In the majority of studies, obesity is defined by Body Mass Index (BMI) level; however, this metric is not entirely suitable for children [10], and the sensitivity of using BMI to identify children with obesity was generally only low to moderate [11, 12]. As early as 400 BC, the Greeks put forward the concept of body composition [13]. Behnke et al. [14] divided body composition into fat mass (FM) and fat-free mass (FFM) and found that the proportion of body compositions between males and females is different. Burton RF [15] found that the relationships between FFM and FM were linear and FM were correlate with height. But the interrelationships among FM, FFM, total body mass (BM) and height have long been studied in relation to the BMI [16, 17]. Although BMI (kg/m 2) is widely used as a measure of adiposity, it is a measure of excess weight relative to height (overweight) rather than excess adiposity (obesity) [18]. A study of 2554 school children found a correlation of r = 0.58 between BMI and body fatness (assessed by skinfolds) among boys who were relatively fat, but no association (r = 0.01) among leaner boys [19]. Norgan NG et al. [20] found that the relationships between BMI and body compositions differed with age, sex, and ethnicity and body shape. Moreover, recent study reported that skinfold thickness during childhood and adolescence is a better predictor of high body fatness in adults than BMI [21]. Moreover, changes in skinfold thickness or in percentage body fat have been considered more precise than BMI to monitor obesity, thus providing greater confidence for epidemiological applications. Therefore, the assessment of obesity should ideally be based on measurement of body compositions [22].

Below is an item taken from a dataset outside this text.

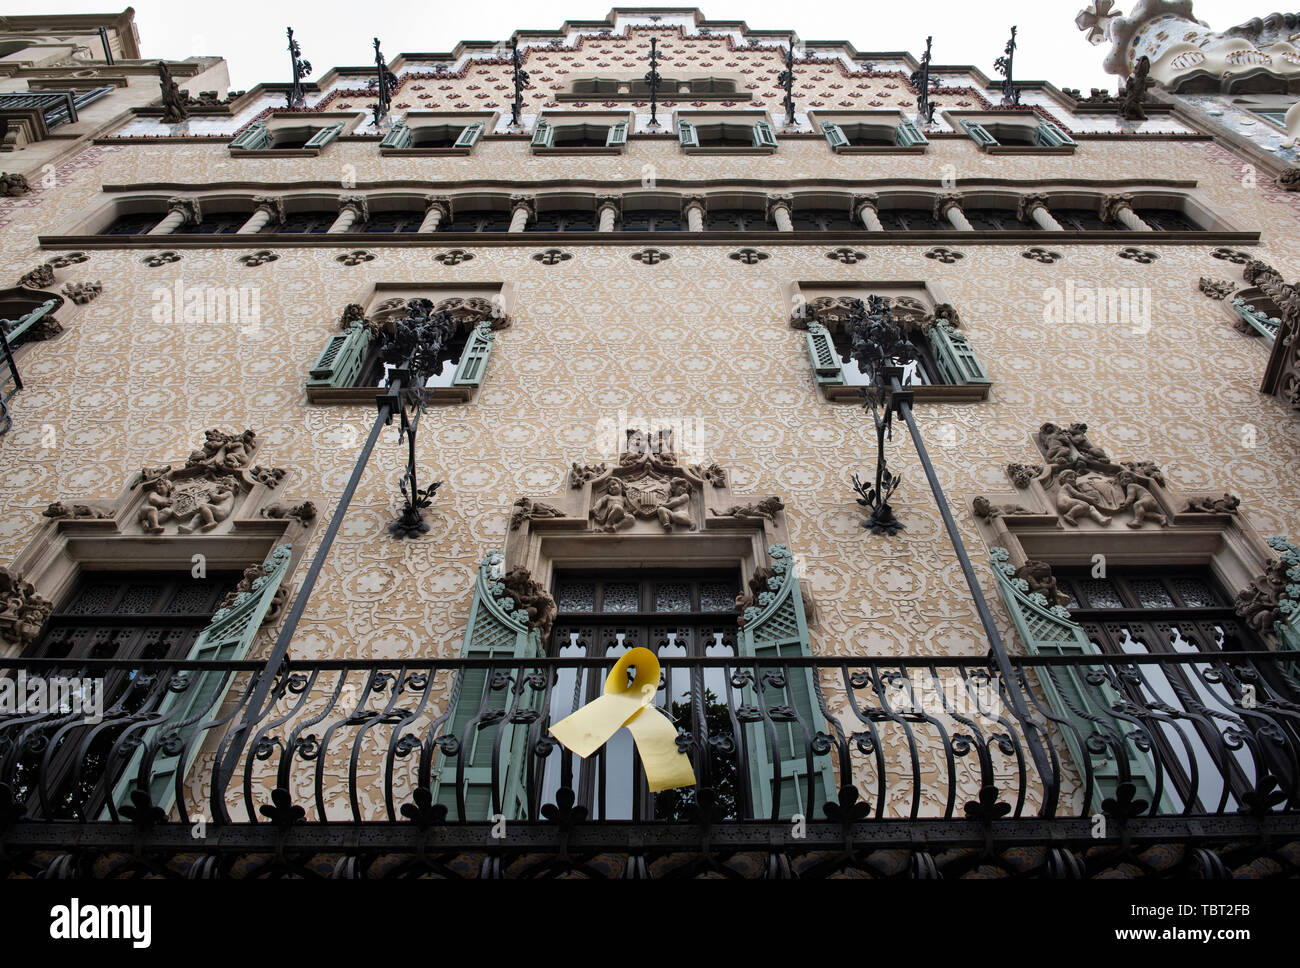 Über der Stadt Barcelona, in öffentlichen Gebäuden, lokale Unternehmen und Wohnungen hängen gelbe Bänder in Unterstützung des inhaftierten Pro - Unabhängigkeit der Politiker. Stockfoto

This study assessed whether obesity correlates to timing of puberty, specifically determining whether higher skinfold thickness, percentage of body fat (%BF), FM and FFM associate with early puberty. More importantly, a comprehensive examination of the association in boys and girls between early puberty and obesity incidence provides useful insights to advance our understanding of the relationship between these phenomena.
Methods
Study sites and subjects
This survey was a cross-sectional study. A three-stage random cluster sampling method was used in this survey. In stage one, a central district was chosen in Chongqing. In stage two, two nine-year schools, with grades one to six belonging to primary school and grades seven to nine belonging to junior middle school, were chosen. One of the schools was located in an urban area, while the other was in a village. Students in these two schools represented both high and low levels of economic development. In the third stage of sampling, girls from grades two and three and boys from grades three and four were selected from each school; simultaneously, both girls and boys in grades seven and eight were selected. Three to five classes were selected from each grade. The grades this study chose to examine mostly encompass all the early and delayed individuals with respect to puberty development. Girls from grade two and boys from grade three were chosen due to the difference in onset of early puberty, being approximately seven years old in girls and about eight years old in boys.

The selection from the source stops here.